Kenwood L07D antiskating


Have just bought a descent Kenwood L07D. This deck will complete my Collection and I would be happy if I could make it spin again. There is some missing parts on the arm and i wonder if anyone have any data on the antiskaiting weight. I have to make a new and I would like to know the mass and what material was used in the weight.

Cheers from Sweden
kb_61

Showing 6 responses by lewm

The anti-skate weight is not a simple weight on a thread, as in most tonearms that use such an AS device; it has a weight on one end of a nylon thread, and on the other end is a cylinder with a hole on one end that has to engage a tiny post located in a recessed area that can be found on the inner aspect of the vertical tower. The cylinder sits on the post; the thread winds around the dual pulley you can see on your tonearm, and the weight at the other end hangs in the breeze. A good machinist can make one for you, but you need to know the parameters. You might start by finding the post or prong to which I am referring, on the tonearm body. Also, you can get a lot of help from the L07D manual, which includes info on the tonearm, and you might do a search on the L07J tonearm itself. It is popular to diss the tonearm, but I think it's really quite good, in the class with the better M-S tonearms that bring big bucks. The "problem" with the tonearm is the wiring scheme between cartridge and preamp. Bypassing that is easy.

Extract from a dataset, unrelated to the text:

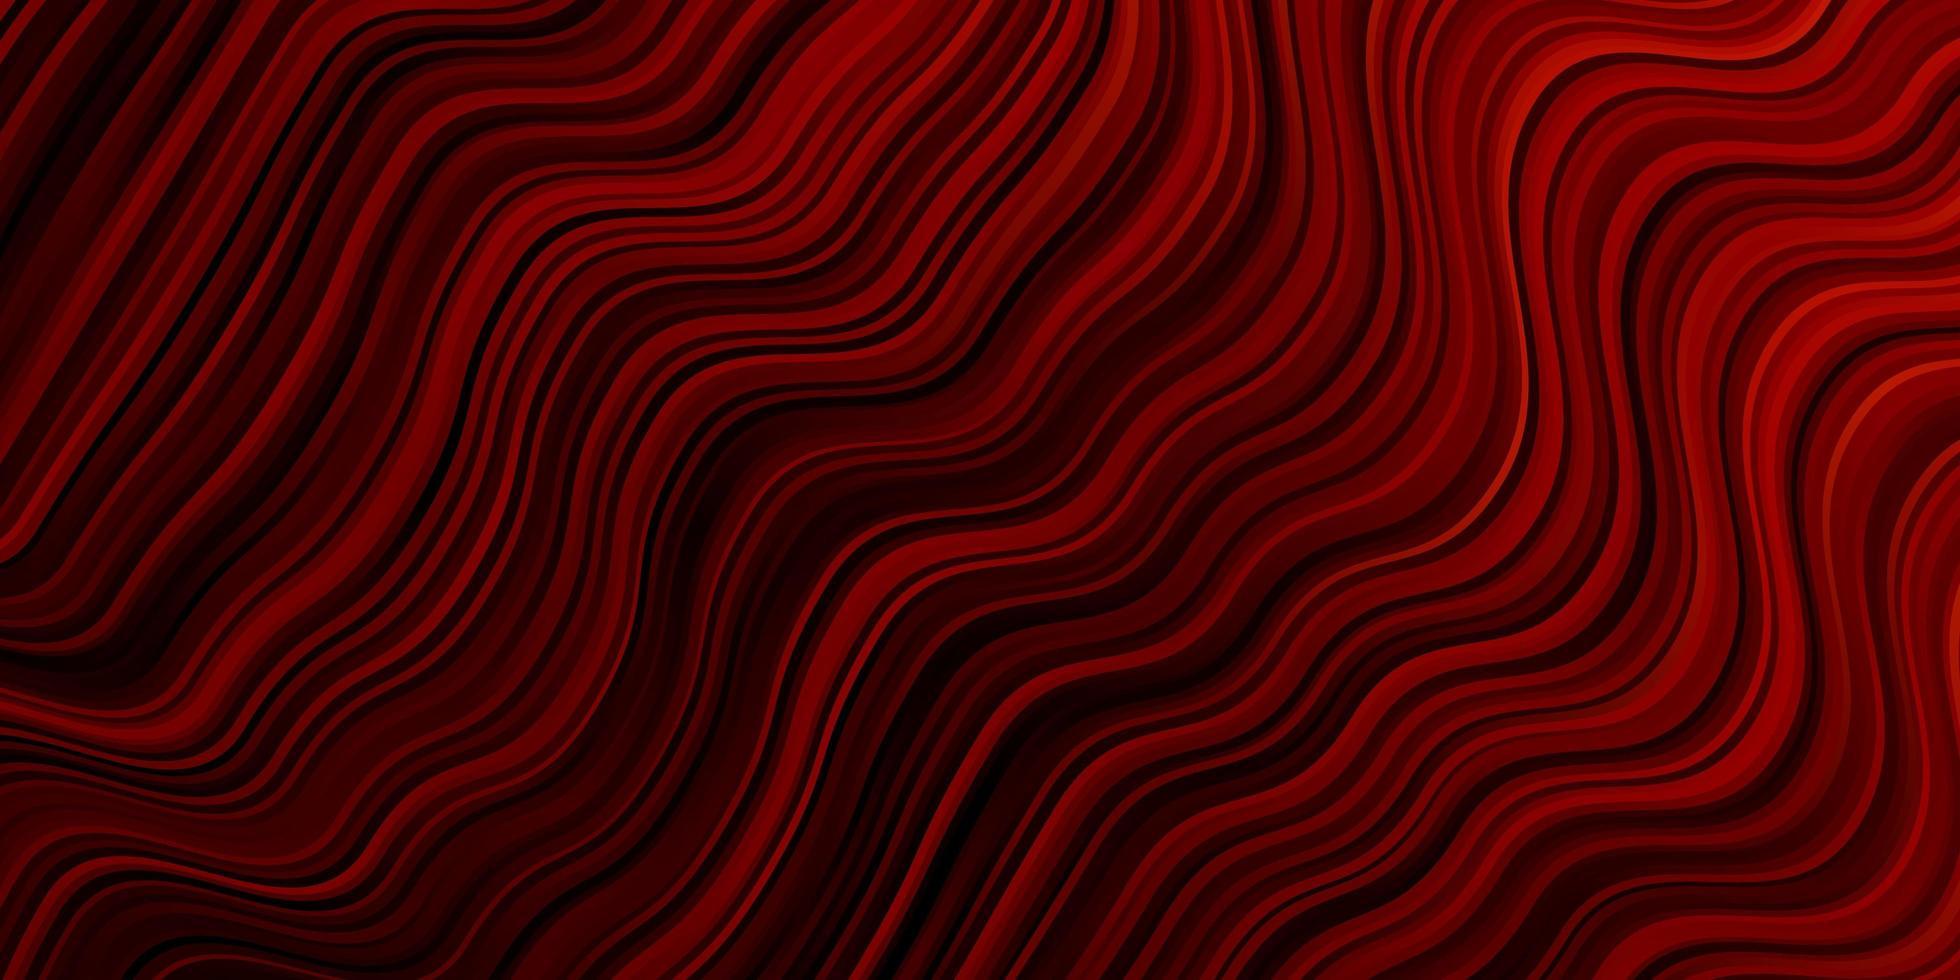 mörk röd vektor layout med kurvor.

Dear In_shore, You are certainly entitled to do what you want, but I would never put Rollerblocks under any turntable. I don't want movement of the chassis in the horizontal plane.

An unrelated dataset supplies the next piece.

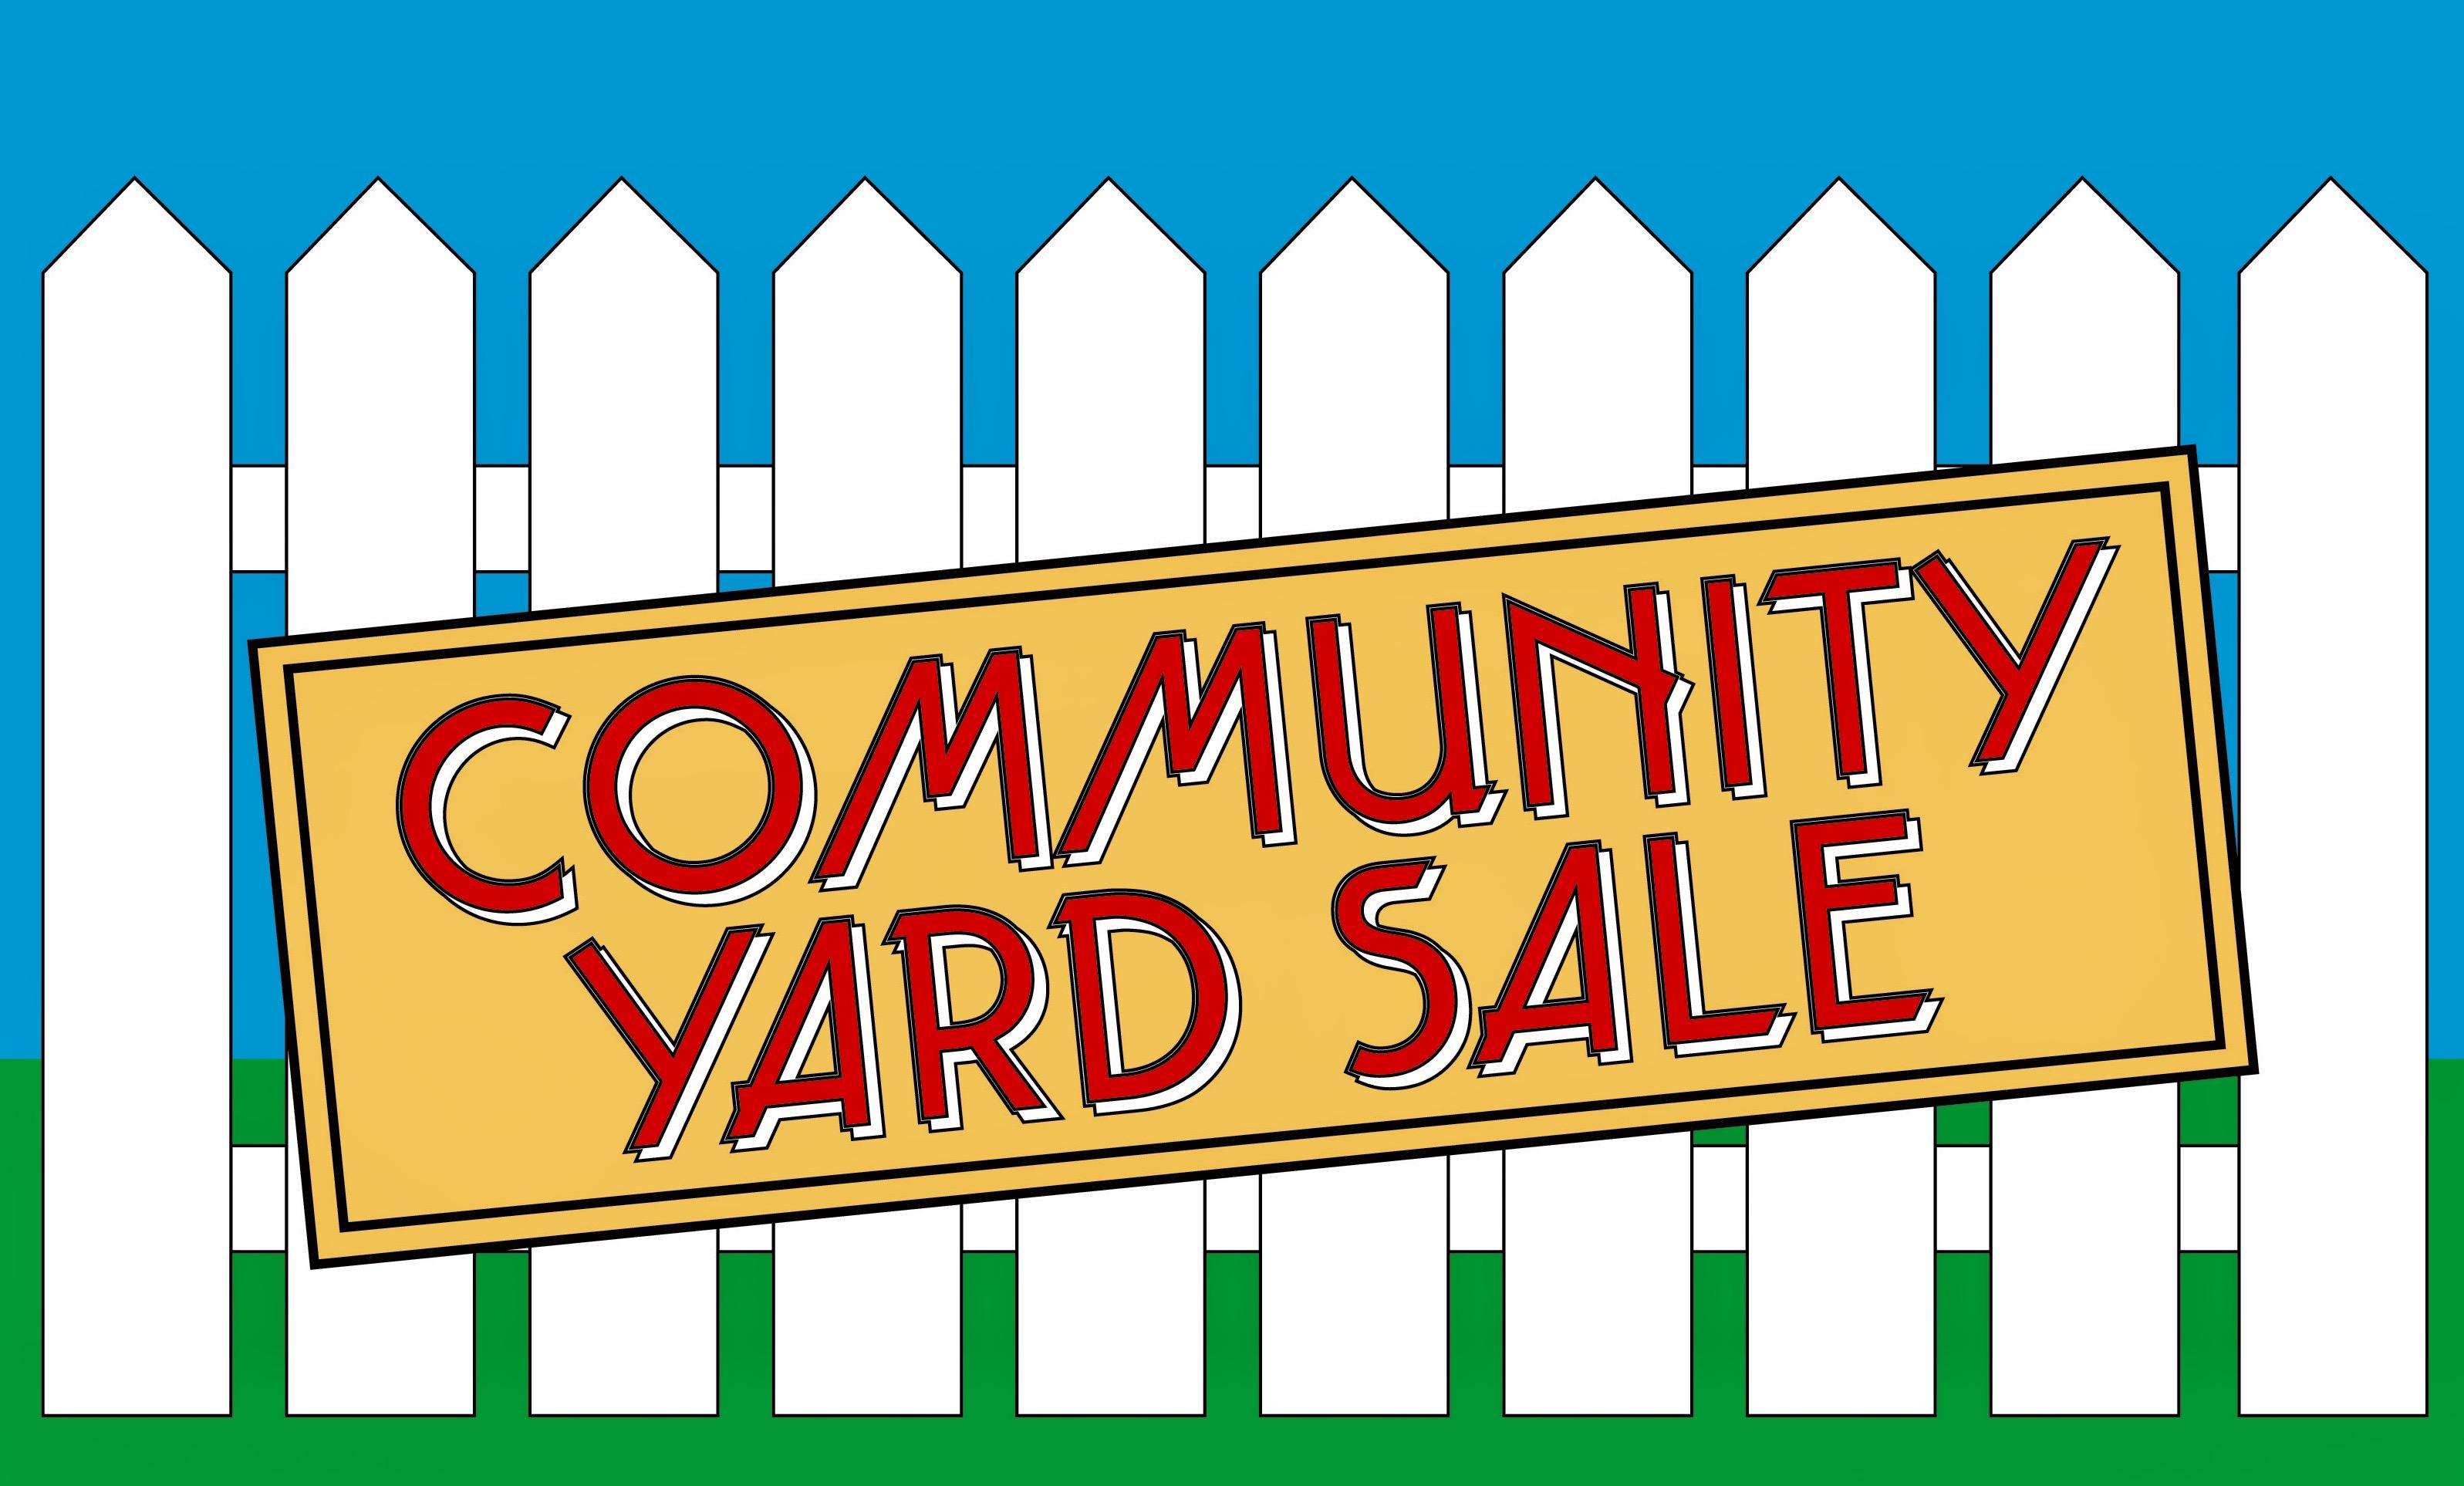 3194x1926 Escalon's City Wide Yard Sale Weescalon

I don't think there is any risk to your cartridge. I am concerned that you have a rotating mass, in the form of the platter assembly. If that mass is not perfectly centered with respect to the rollerblocks, then I wonder if there is a tendency for the entire tt to want to counter-rotate in a circular fashion, with the true center of mass as its center. The entire plinth is designed and built to prevent that, and here we add a modification that defeats the purpose. I doubt it's a big problem, and since I am only theorizing, I could be wrong, and it may be no problem at all.
How about now, Dave?
I did not know or I forgot you wanted this.
Stand by.
I am going nuts myself with re-mounting the tonearm on my own L07D. I took it out of its mount in order to re-wire it, which never got done either. Having given up on that, when I tried to re-install it, it now seems that the locking mechanism for the vertical shaft on the tonearm proper will not expand sufficiently to admit the vertical shaft loosely enough so it can then be cranked down to set VTA. The locking mechanism seems to be at max diameter, yet still the tonearm hangs up. I never had this problem with my other L07D. I am thinking of maybe greasing the shaft. I don't know what else to do at this point or why it was fitted fine when I bought this thing.

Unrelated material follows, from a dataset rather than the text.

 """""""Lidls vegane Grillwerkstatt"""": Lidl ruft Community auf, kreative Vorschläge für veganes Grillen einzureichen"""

Yep, that's what I finally did. But cranking it up and down to adjust VTA, with the collet "loose", is not at all like what it was with my previous L07D. Ironically, I bought this second one because it was sooooo new looking, quite minty. And sold my old one. It works OK, but I am not happy with the feel of it; it must be putting stress on the gears when I have to crank it down or up using the outer wheel, rather than the little crank wheel.